Note: Increasing the scrubber value adds more CPU/Memory cycles which could introduce latency to the environment, so don't make it too aggressive on how often the scrubber runs.

If medium errors are encountered in the data region of the disk and the disk wasn't failed out by vSAN you can do one of the following:

Using the preferred method, contact the hardware vendor and get the disk replaced.
Else:
1. If Deduplication is enabled:
  - Remove the failed disk with medium errors from the disk group and then add it back in. Upon adding the disk back to the disk group, the bad blocks are automatically reallocated by the disk for non-use, so they don't get used again.

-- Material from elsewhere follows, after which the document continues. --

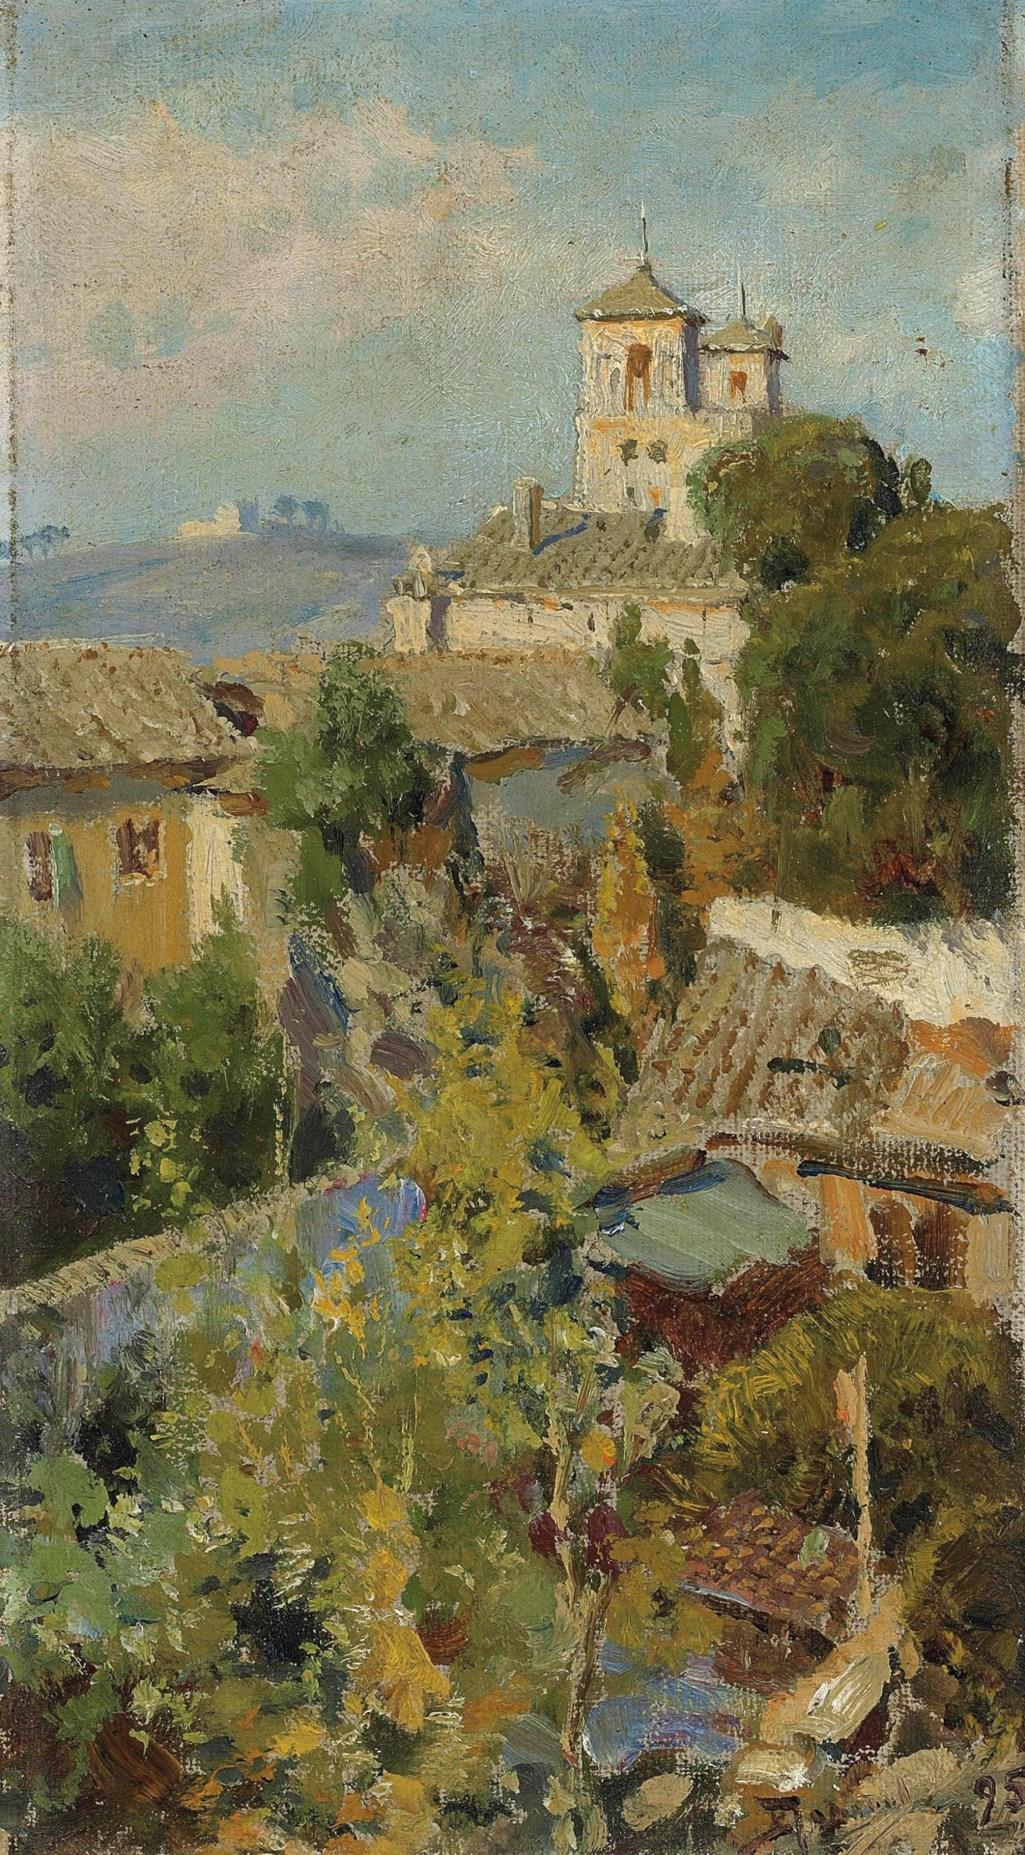 Vasilii Polenov (1844-1927) From the window of the flat in Rome / Василий Поленов (1844-1927) Из окна квартиры в Риме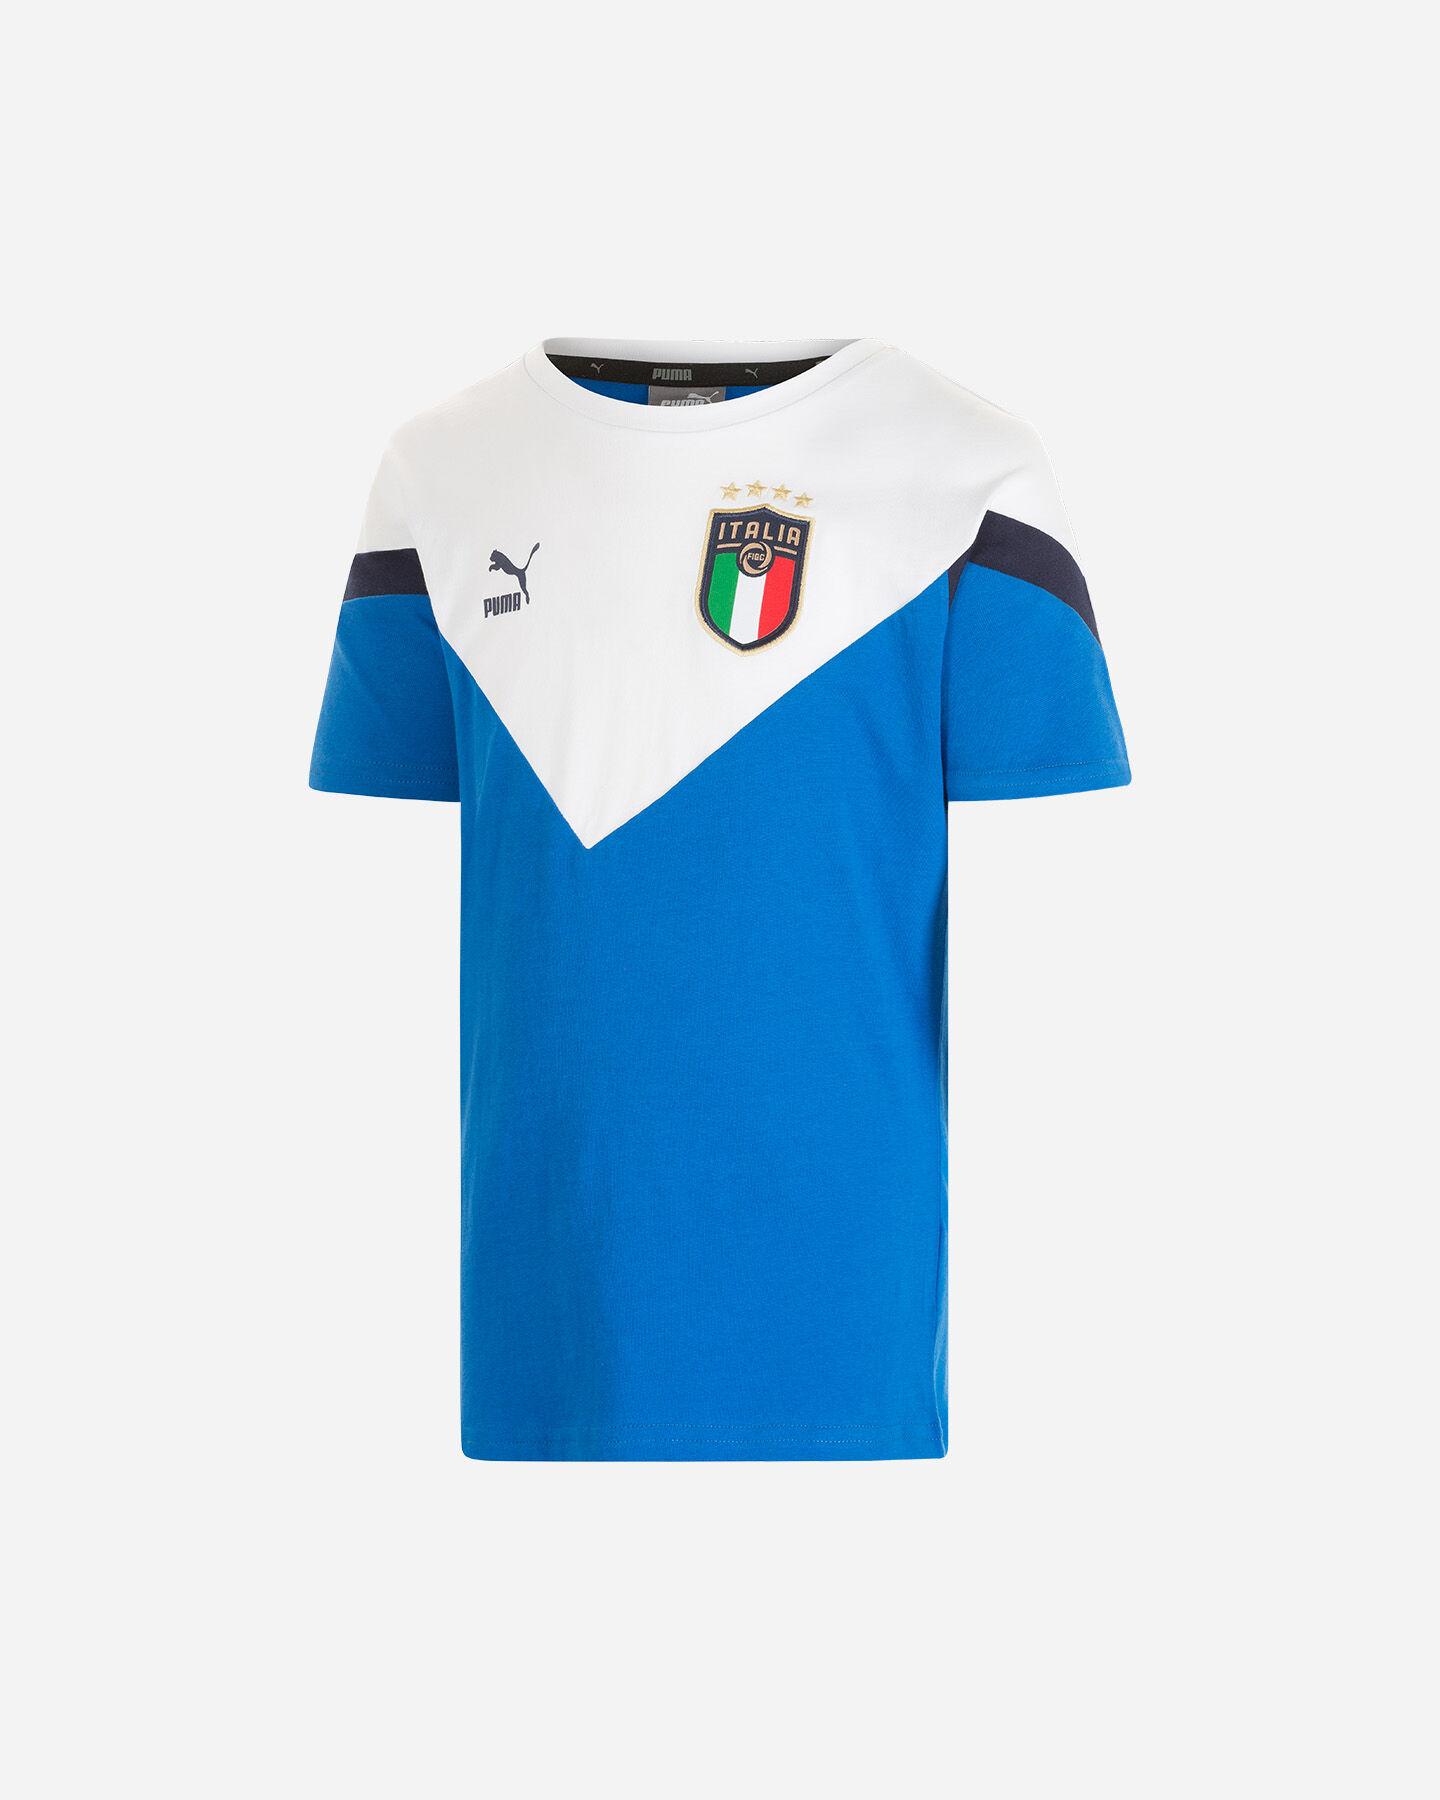 Merchandising calcio ufficiale da bambino - Cisalfa Sport

2. If Deduplication is enabled:
  - Remove the disk group which contains the disk failing with medium errors from the host and recreate the disk group. Upon recreating the disk group the bad blocks are automatically reallocated by the disk for non-use, so they don't get used again.
    Note: This results in a resync to rebuild data due to the disk/disk group being removed and then recreated/added back.